**DATASET RECORDS**
-=-=-=-=-
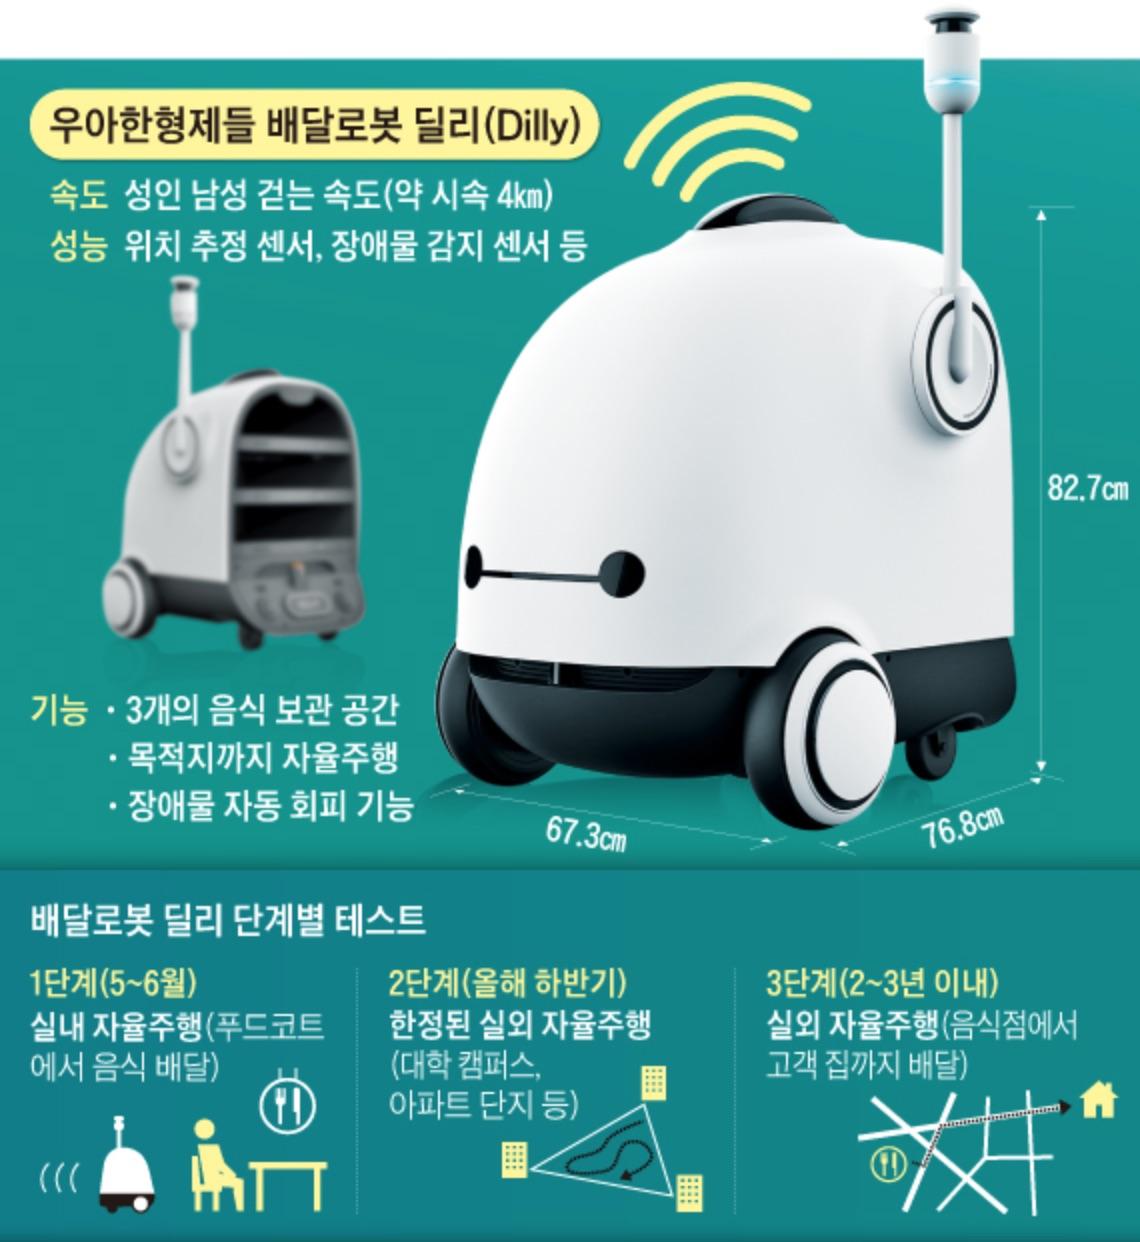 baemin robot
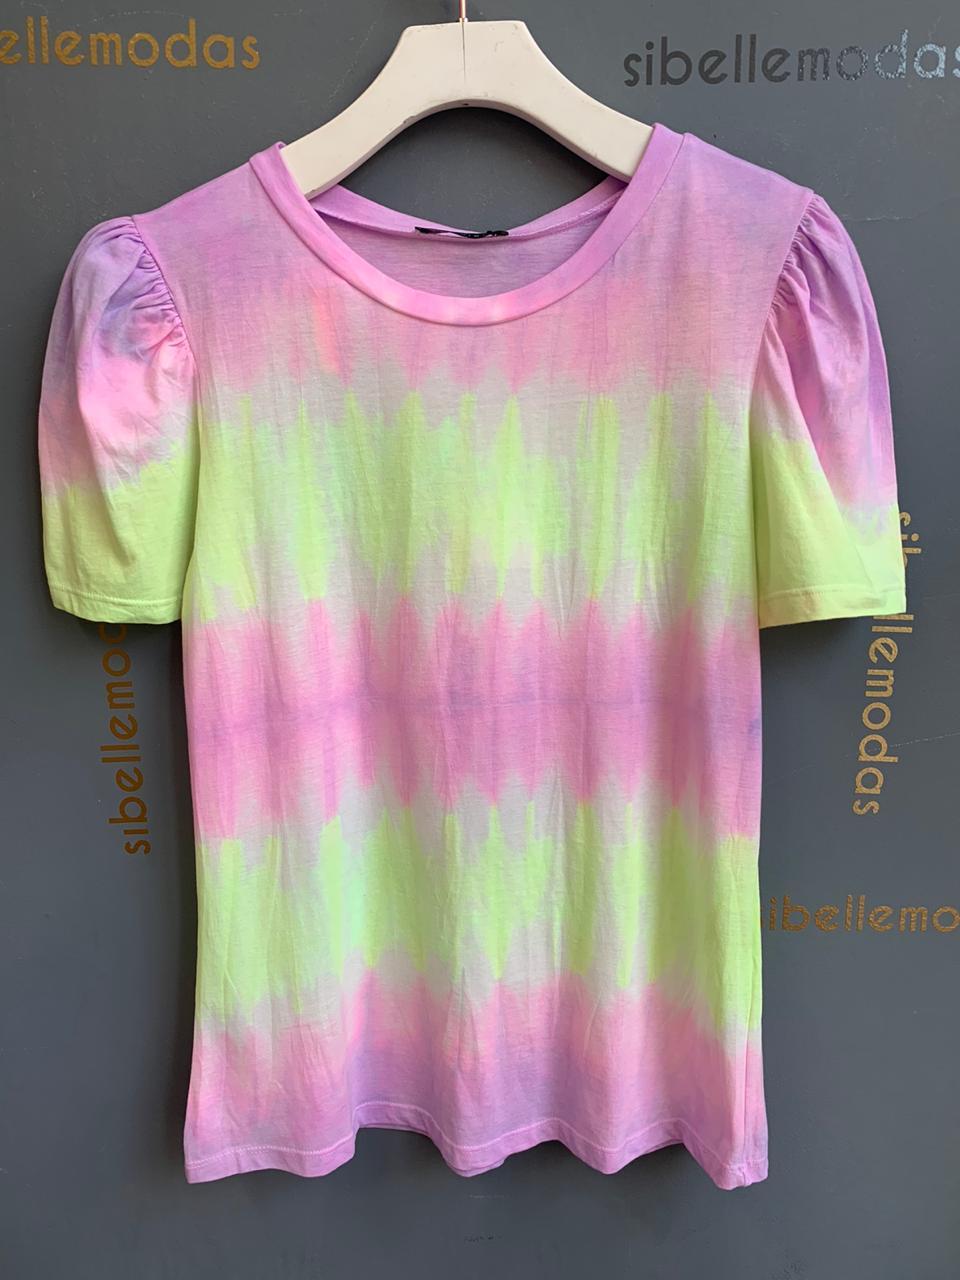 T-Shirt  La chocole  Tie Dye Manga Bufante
-=-=-=-=-
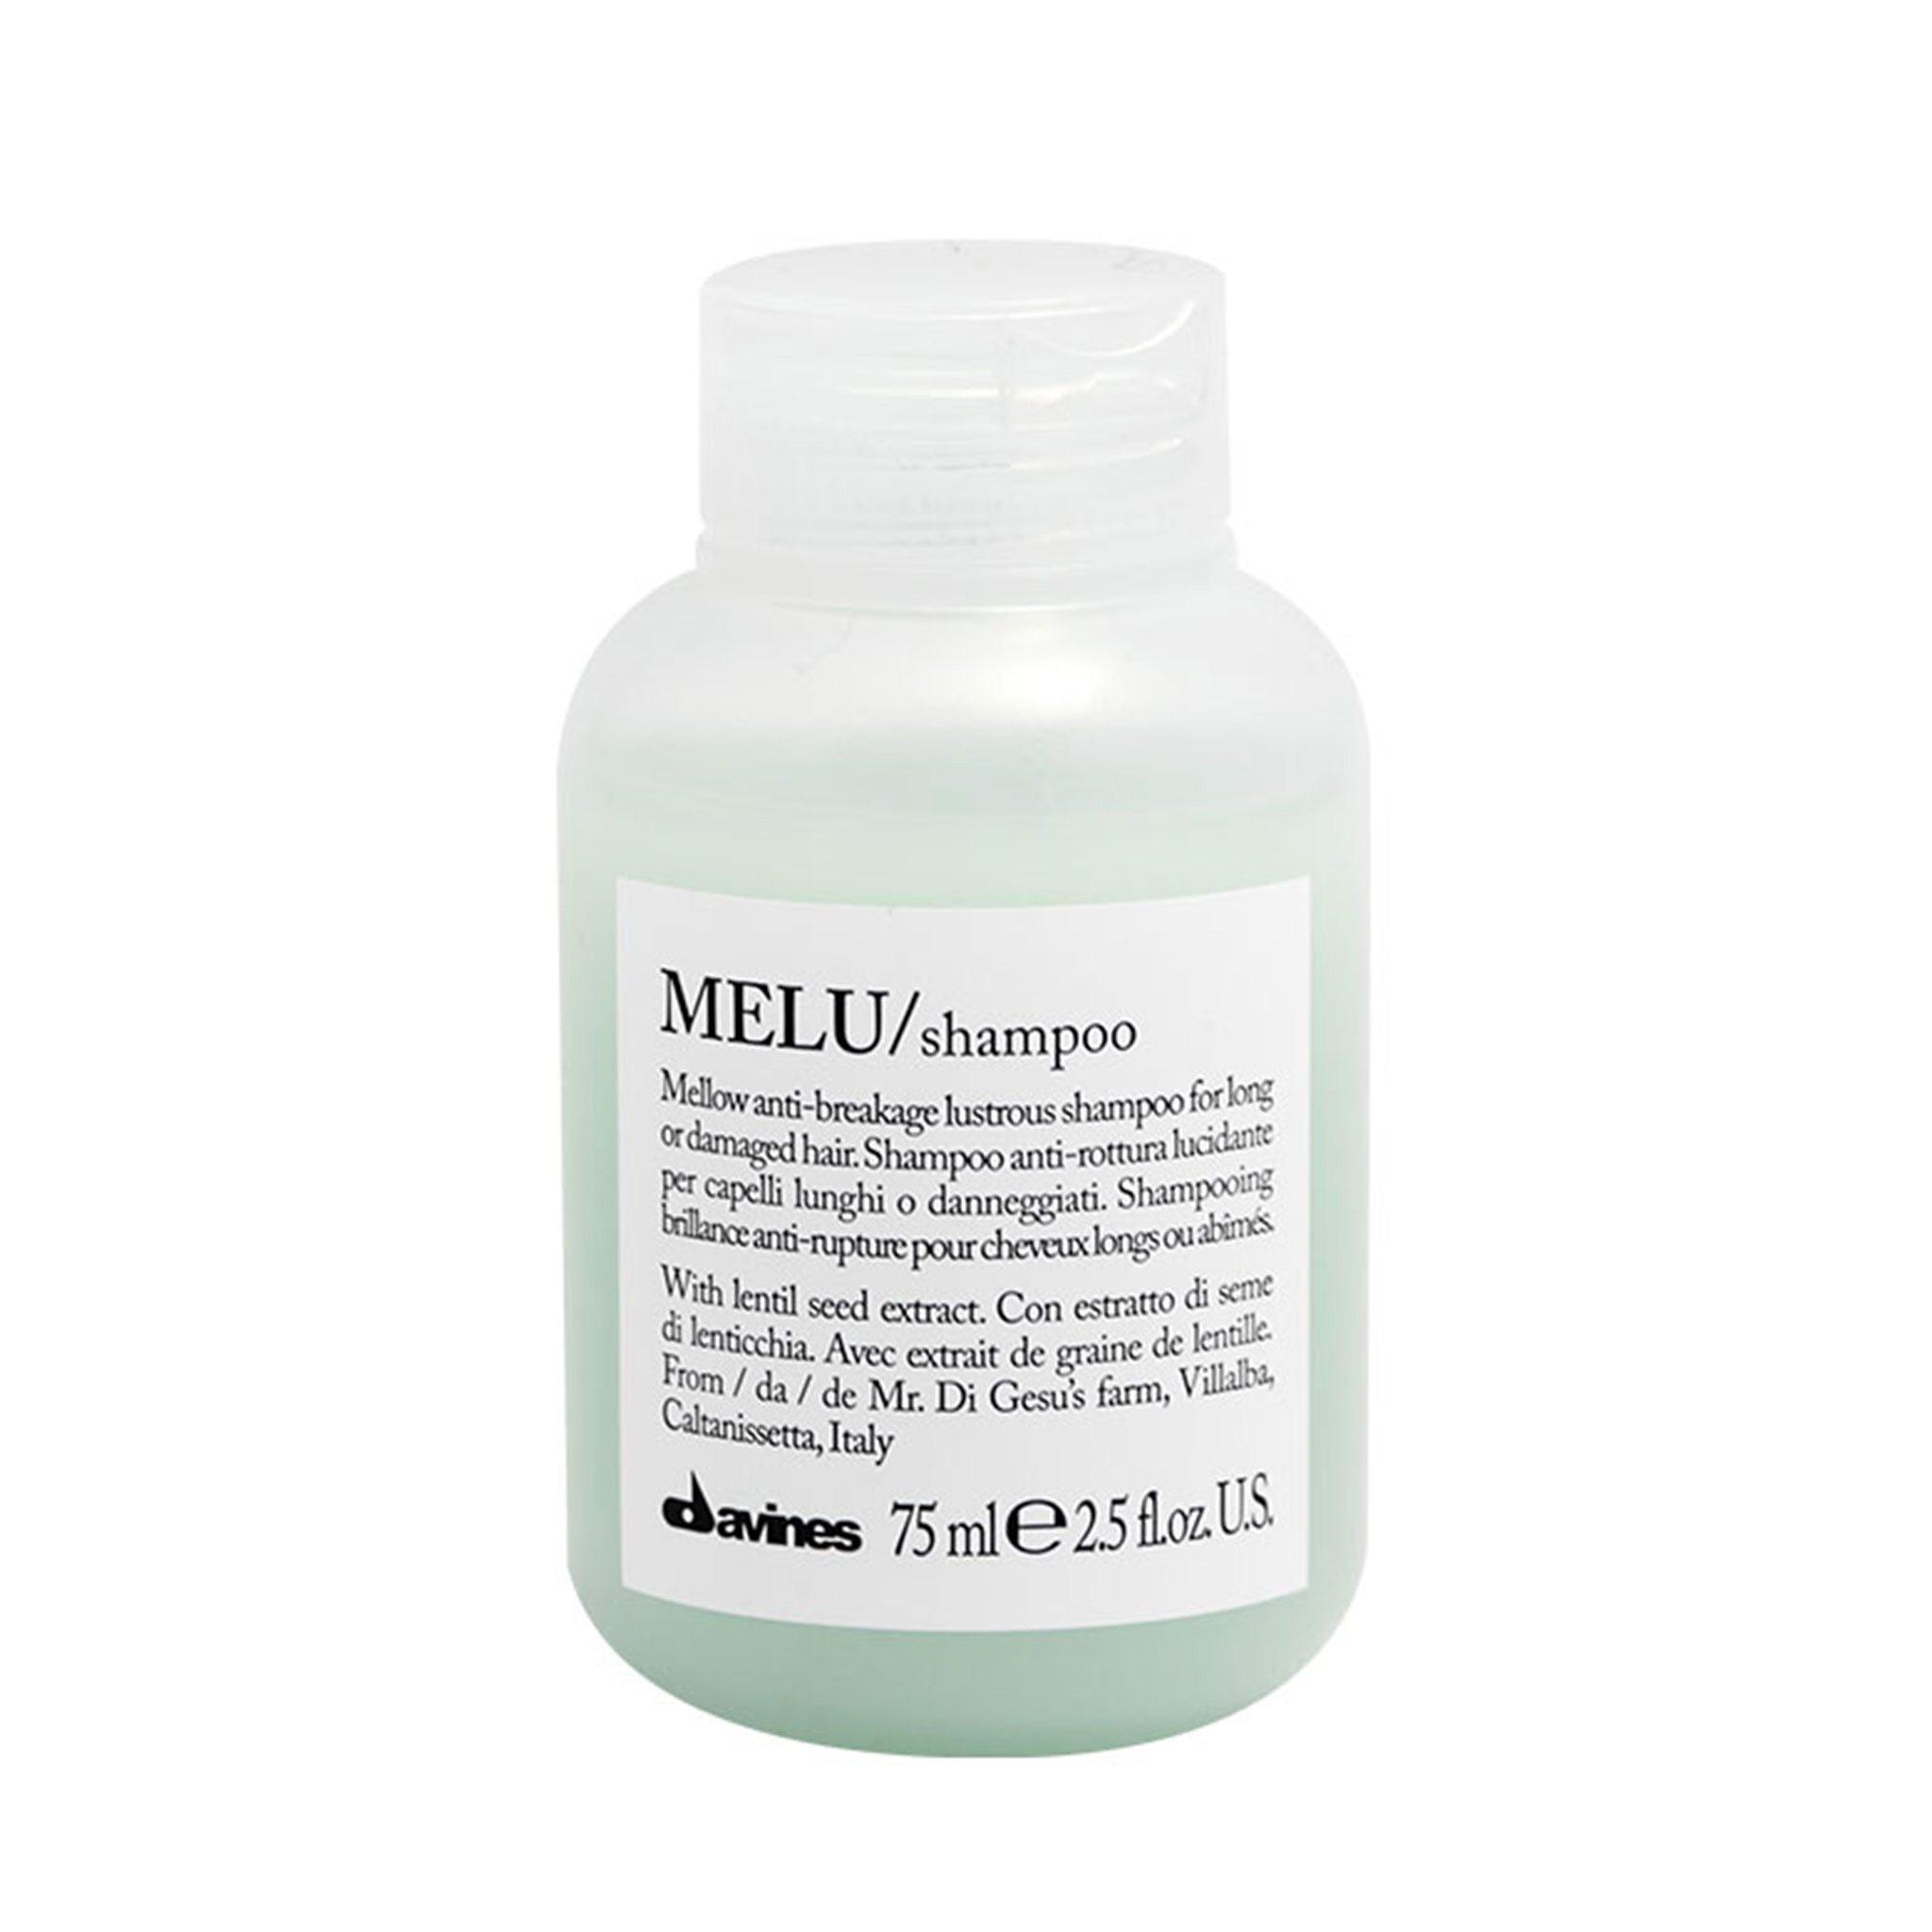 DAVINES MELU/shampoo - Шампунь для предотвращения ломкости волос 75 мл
-=-=-=-=-
**WORK TASK**
Using the data above, which lines fall from the one with "baemin robot" through the one with "Dye Manga Bufante"? Repeat them exactly, ends included, minus any pictures.

**YOUR RESPONSE**
 baemin robot
 T-Shirt  La chocole  Tie Dye Manga Bufante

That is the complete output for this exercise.